Question au Gouvernement
✓ Répondue le 13/05/2026
outre-mer
Situation en Guyane
• Ministère interrogé : Ministère des outre-mer
Jean-Victor Castor GDR
Député — Guyane (1)
L'échange en séance
SITUATION EN GUYANE
Mme la présidente. La parole est à M. Jean-Victor Castor.
M. Jean-Victor Castor. Monsieur le premier ministre, vous n'êtes pas sans savoir qu'en Guyane, la situation est chaotique. Dans la commune de Camopi, il risque d'y avoir des affrontements entre les autochtones et les orpailleurs illégaux, fortement armés. Les cartels s'installent partout. Le système s'effondre. L'économie, les entreprises, par centaines, ferment. Et vous décidez de réduire de 60 % la ligne budgétaire unique, alors que vous savez que des squats s'installent partout en Guyane. C'est de la folie !

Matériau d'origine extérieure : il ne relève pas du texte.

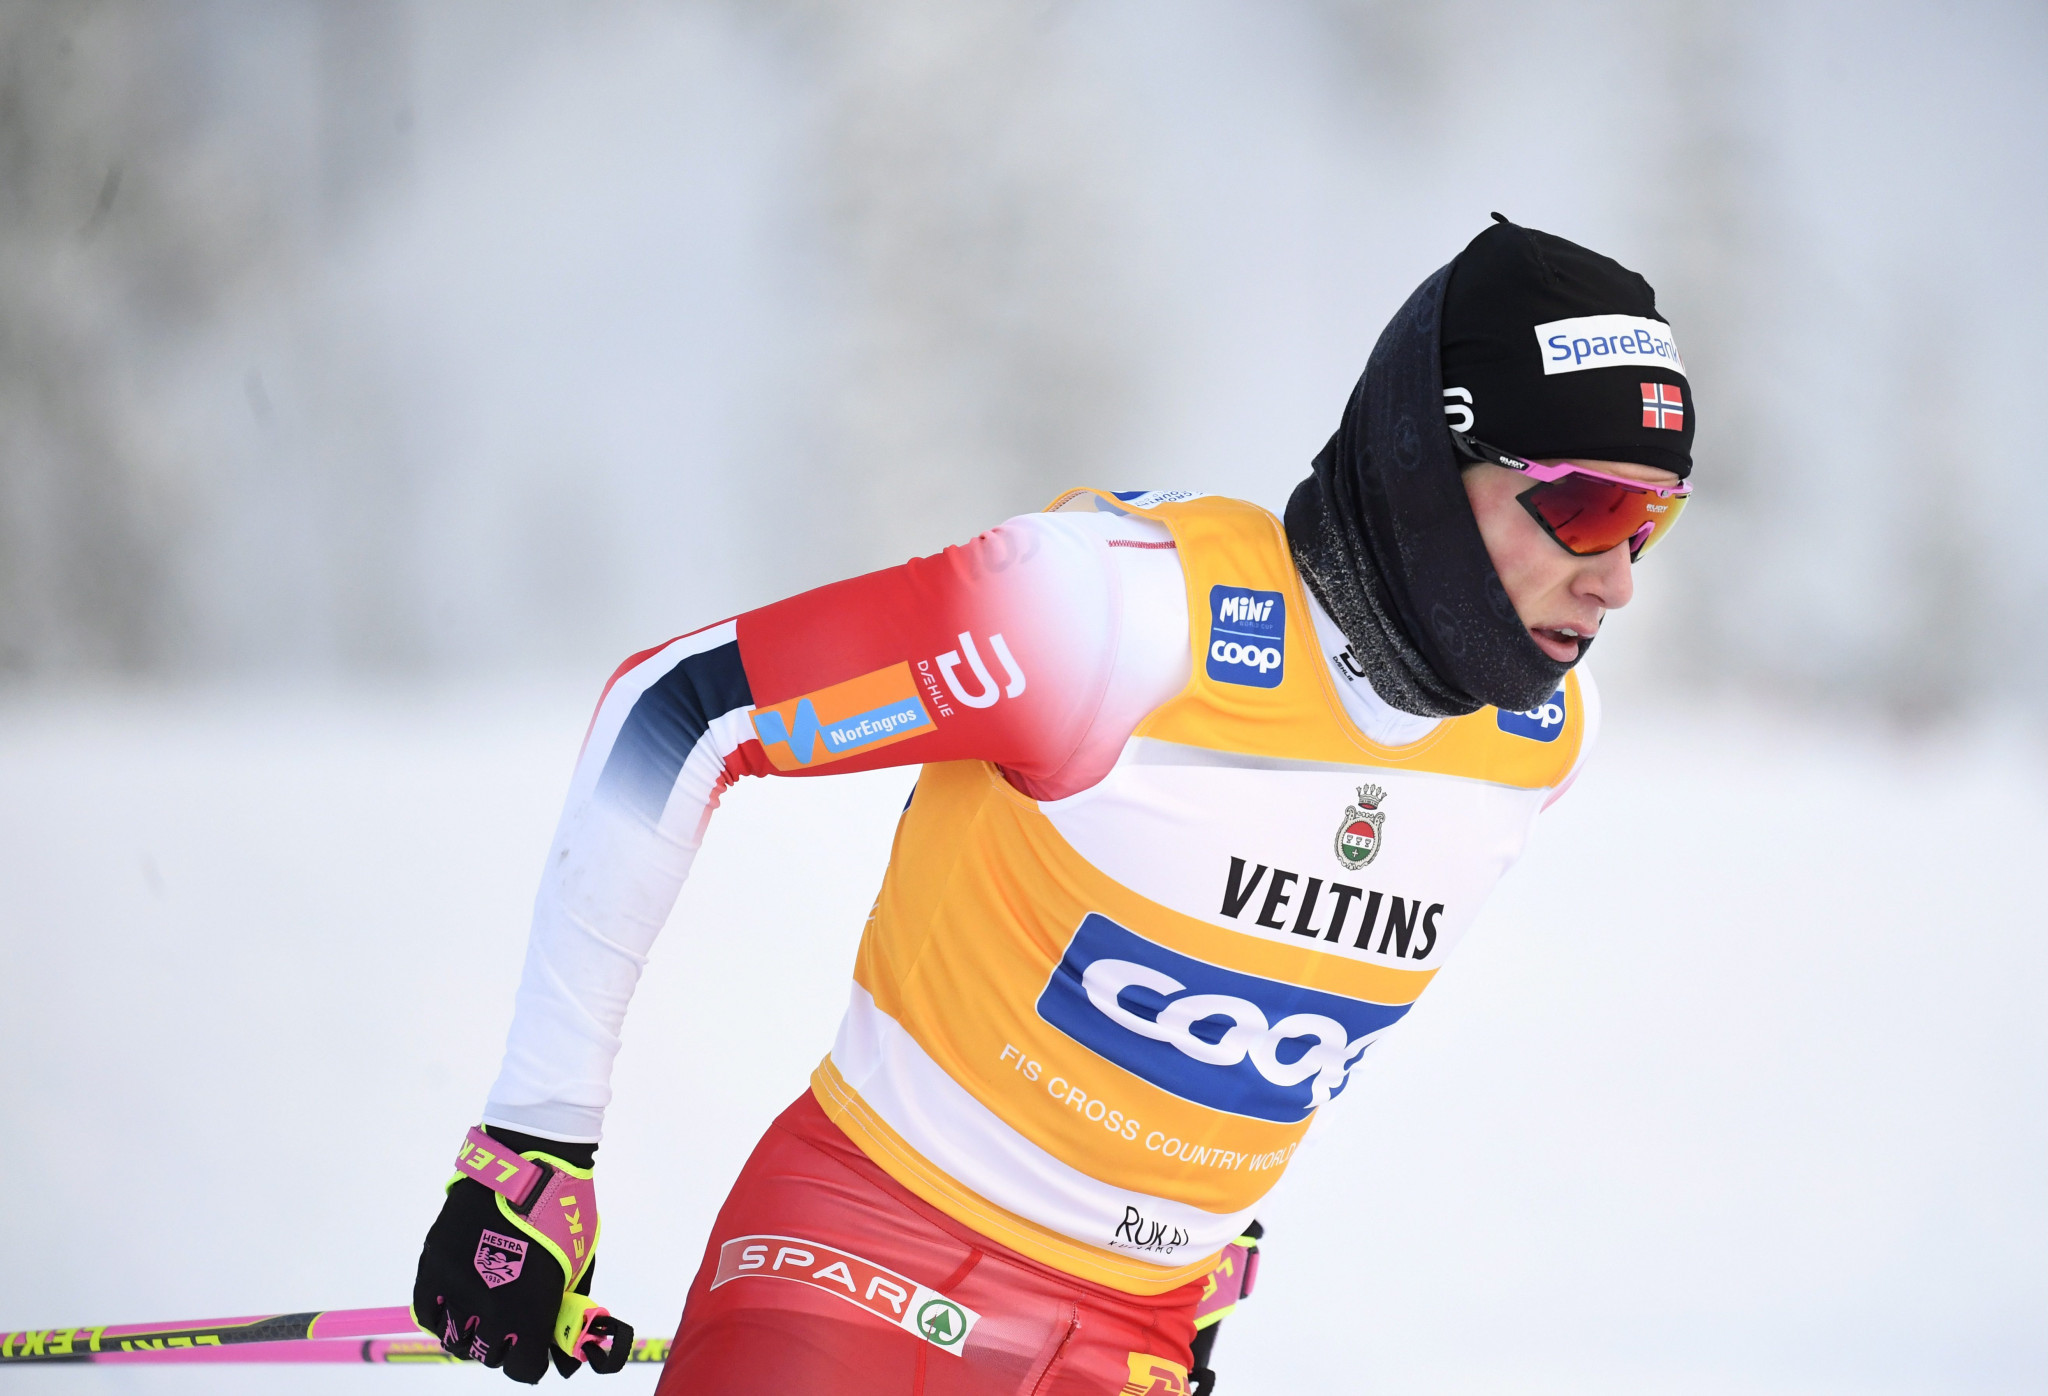 Johannes Høsflot Klæbo of Norway is aiming for a home victory at the FIS Cross-Country World Cup event in Lillehammer ©Getty Images

Et vous persistez ! Je vais vous donner un exemple de décision absurde, idiote, qui ne tient pas compte de la réalité de la Guyane. Le président de la République a décidé de faire procéder à un nouvel inventaire des ressources minérales, lancé il y a un an. J'ai alors sonné l'alerte : les Guyanais ne devaient pas en être exclus. Or un point d'étape a eu lieu il y a quelques semaines, et qu'avons-nous observé ? Qu'aucune structure guyanaise, aucune structure locale n'est représentée dans le comité de pilotage ! Cette façon coloniale de procéder (Protestations sur quelques bancs du groupe EPR, auxquelles répondent des exclamations sur quelques bancs du groupe LFI-NFP)…
M. Pierre Cordier. C'est toujours le même refrain ! Ça devient fatigant !

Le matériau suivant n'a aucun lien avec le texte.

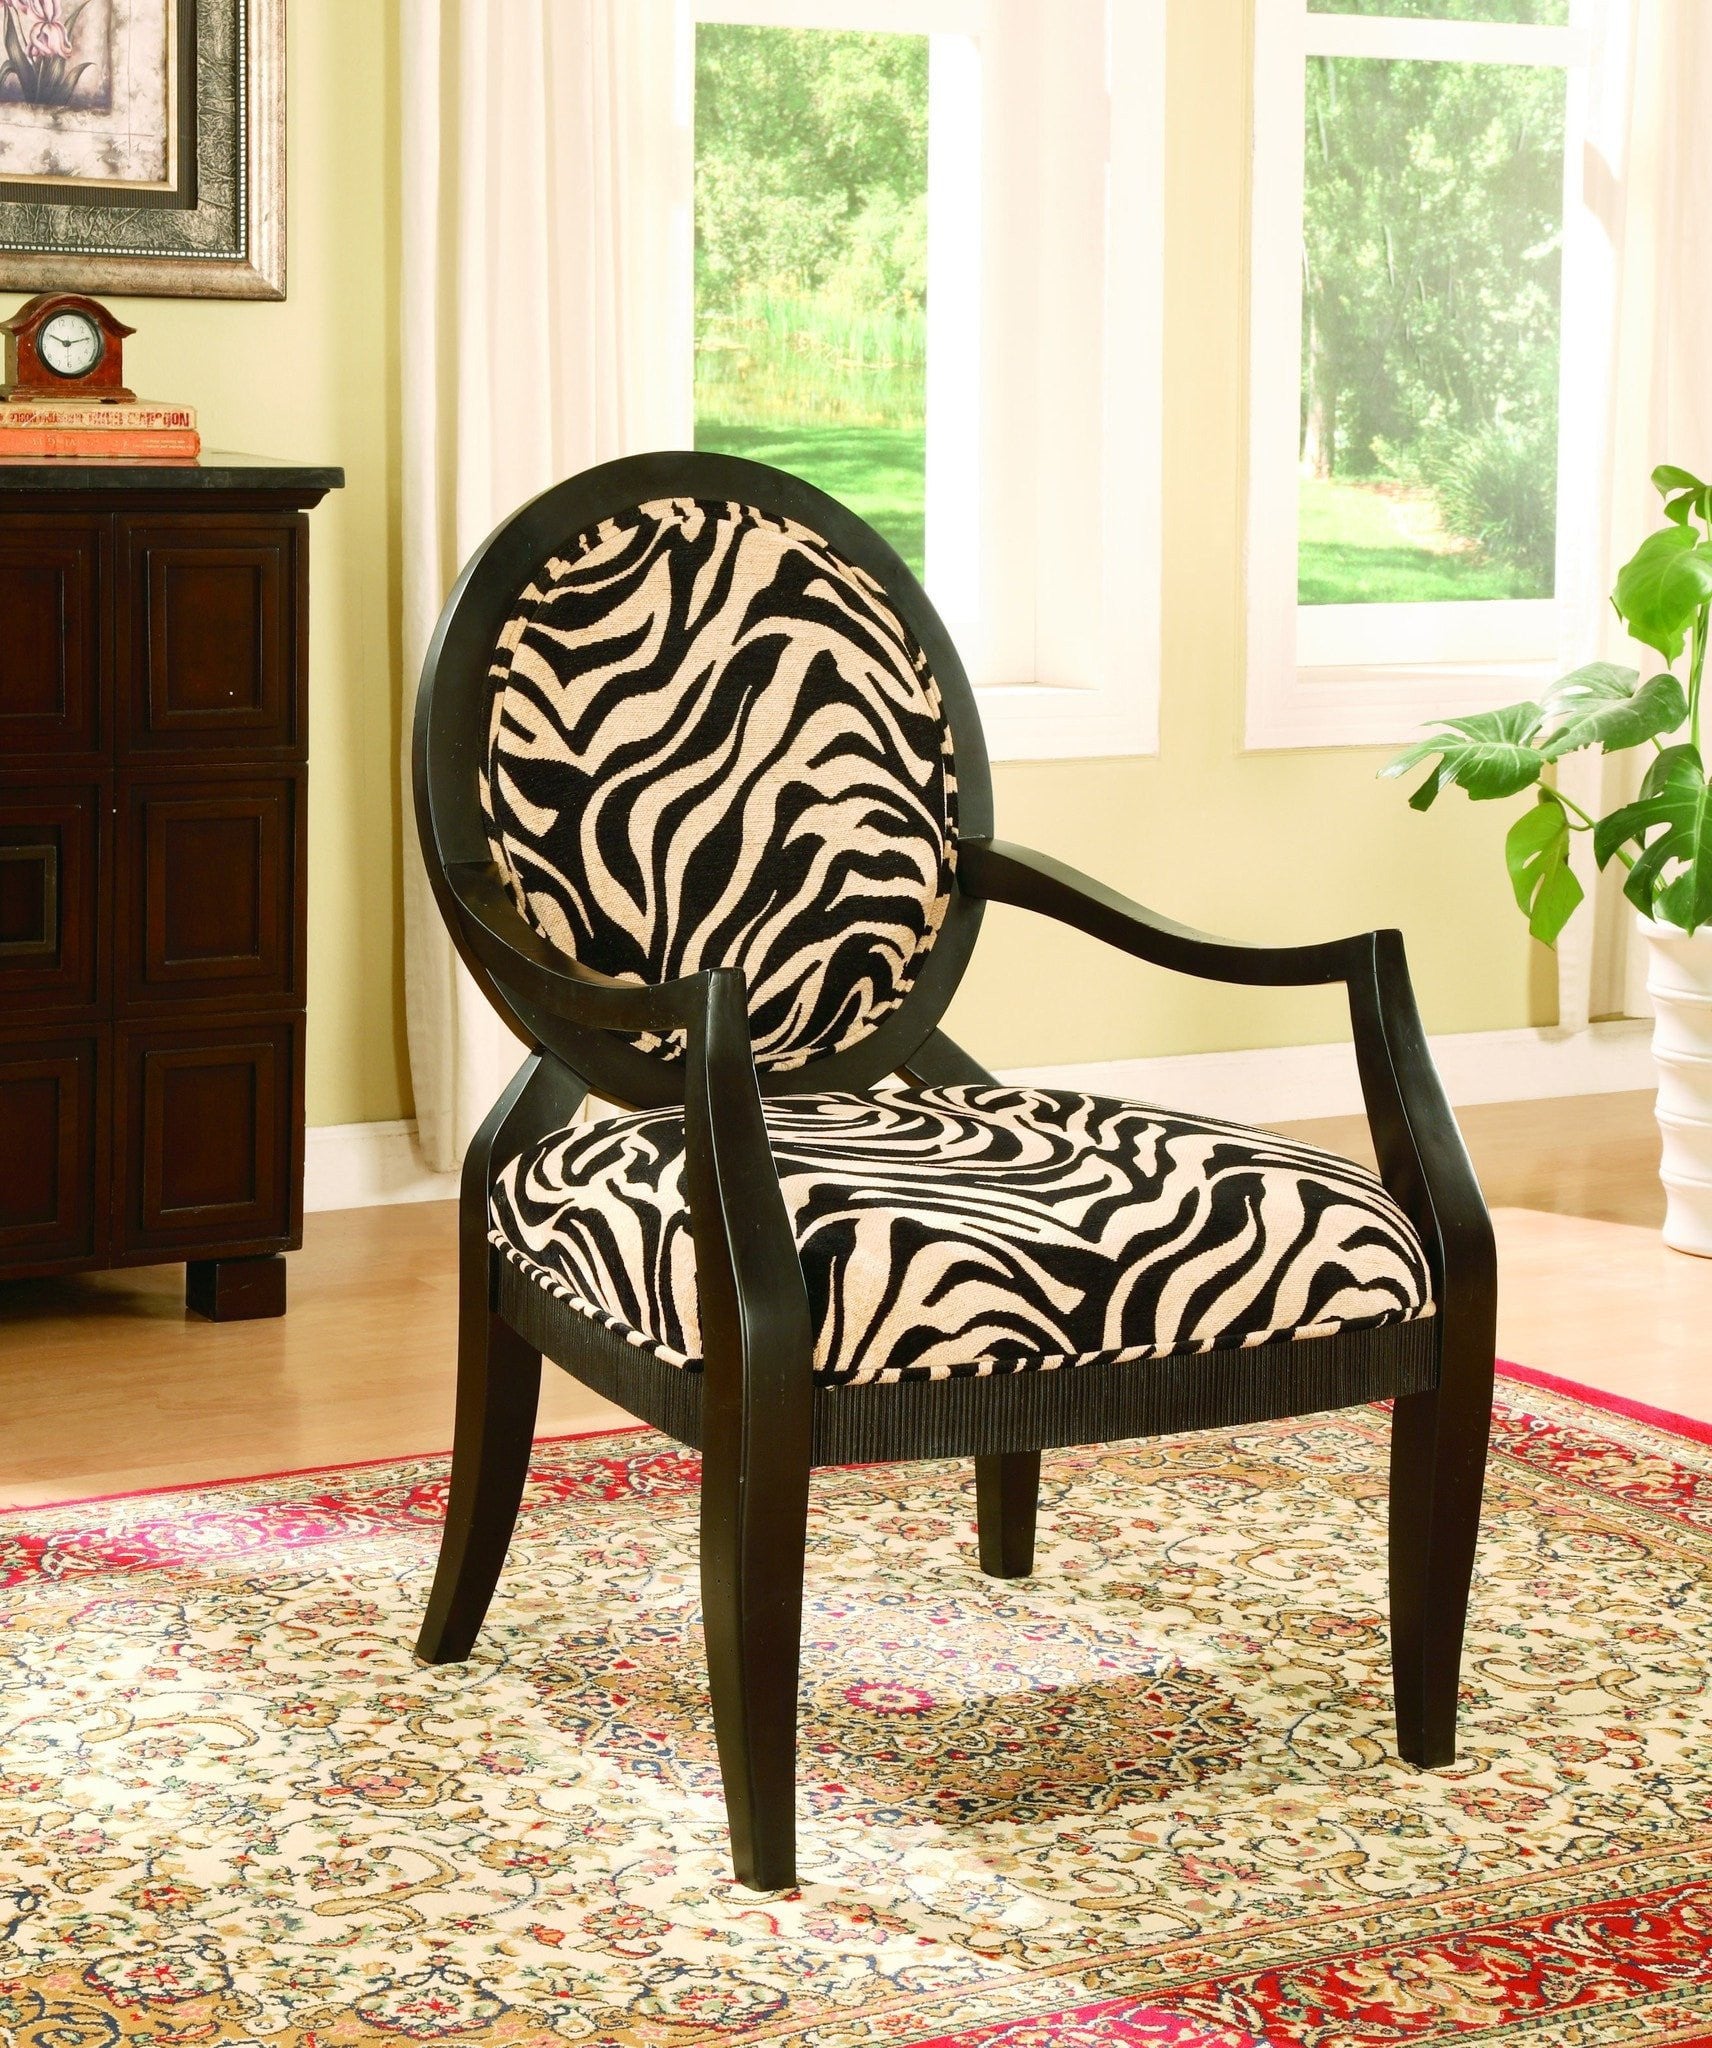 Zebra Print Accent Chair – Pacific Imports, Inc.

M. Jean-Victor Castor. …en 2026 ramène la Guyane à des situations que l'on pensait ne jamais revoir.
Les populations sont laissées à elles-mêmes, elles doivent faire face à l'incurie de l'État. Je le disais à la ministre hier encore : la Guyane a besoin d'un plan de développement endogène qui lui permette d'accéder à ses ressources, de les maîtriser et de les mettre en valeur. C'est la seule solution, car les décisions prises à Paris ou à Bruxelles mènent la Guyane à la catastrophe. (Applaudissements sur plusieurs bancs des groupes GDR et EcoS ainsi que sur quelques bancs du groupe SOC.)

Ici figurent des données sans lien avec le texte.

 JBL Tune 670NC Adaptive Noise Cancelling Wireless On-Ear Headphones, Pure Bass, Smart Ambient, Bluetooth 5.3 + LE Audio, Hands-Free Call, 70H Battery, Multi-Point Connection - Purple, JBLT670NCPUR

Mme la présidente. La parole est à Mme la ministre des outre-mer.
Mme Naïma Moutchou, ministre des outre-mer. Il est vrai que la Guyane n'est pas un territoire comme les autres : elle est confrontée à des défis immenses et les Guyanais font face à de nombreuses difficultés. Mais c'est aussi un territoire d'avenir, une terre de promesse et de puissance pour la France. Voilà pourquoi nous y investissons massivement et continuerons de le faire.
Nous le faisons par l'intermédiaire de projets structurants : la cité judiciaire annoncée par le garde des sceaux, le pont et la centrale électrique du Larivot, l'aide au développement pour les écoles et tant d'autres encore, qui sont à l'étude.
Vous avez évoqué un certain nombre de difficultés. C'est vrai : vous m'avez interpellée au sujet des ressources minérales. Je me suis engagée à faire un point sur la situation et à revenir vers vous. Mais je refuse tout procès en colonialisme ou en mépris ! Vous savez que nous sommes attentifs à la situation.
M. Jean-Paul Lecoq. Pourquoi ne sont-ils pas associés au projet ?
Mme Naïma Moutchou, ministre. Il est certain que les réponses doivent être à la hauteur, mais nous traitons les Guyanais comme nous traitons tous nos compatriotes. Je veux que ce message leur parvienne : les Guyanais sont nos égaux ! Il est important de le dire en cette période mémorielle où nous rendons hommage aux victimes de l'esclavage et de la traite.
M. Jean-Paul Lecoq. Il n'y a plus que ça !
Mme Naïma Moutchou, ministre. Nous devons être à la hauteur de ces défis.
Vous avez parlé de sécurité. Le territoire est encore le théâtre de nombreuses violences, mais nous avons réussi à inverser la courbe. La tendance observée jusqu'alors a été cassée et les chiffres sont encourageants, ce qui veut dire que cet effort doit se poursuivre.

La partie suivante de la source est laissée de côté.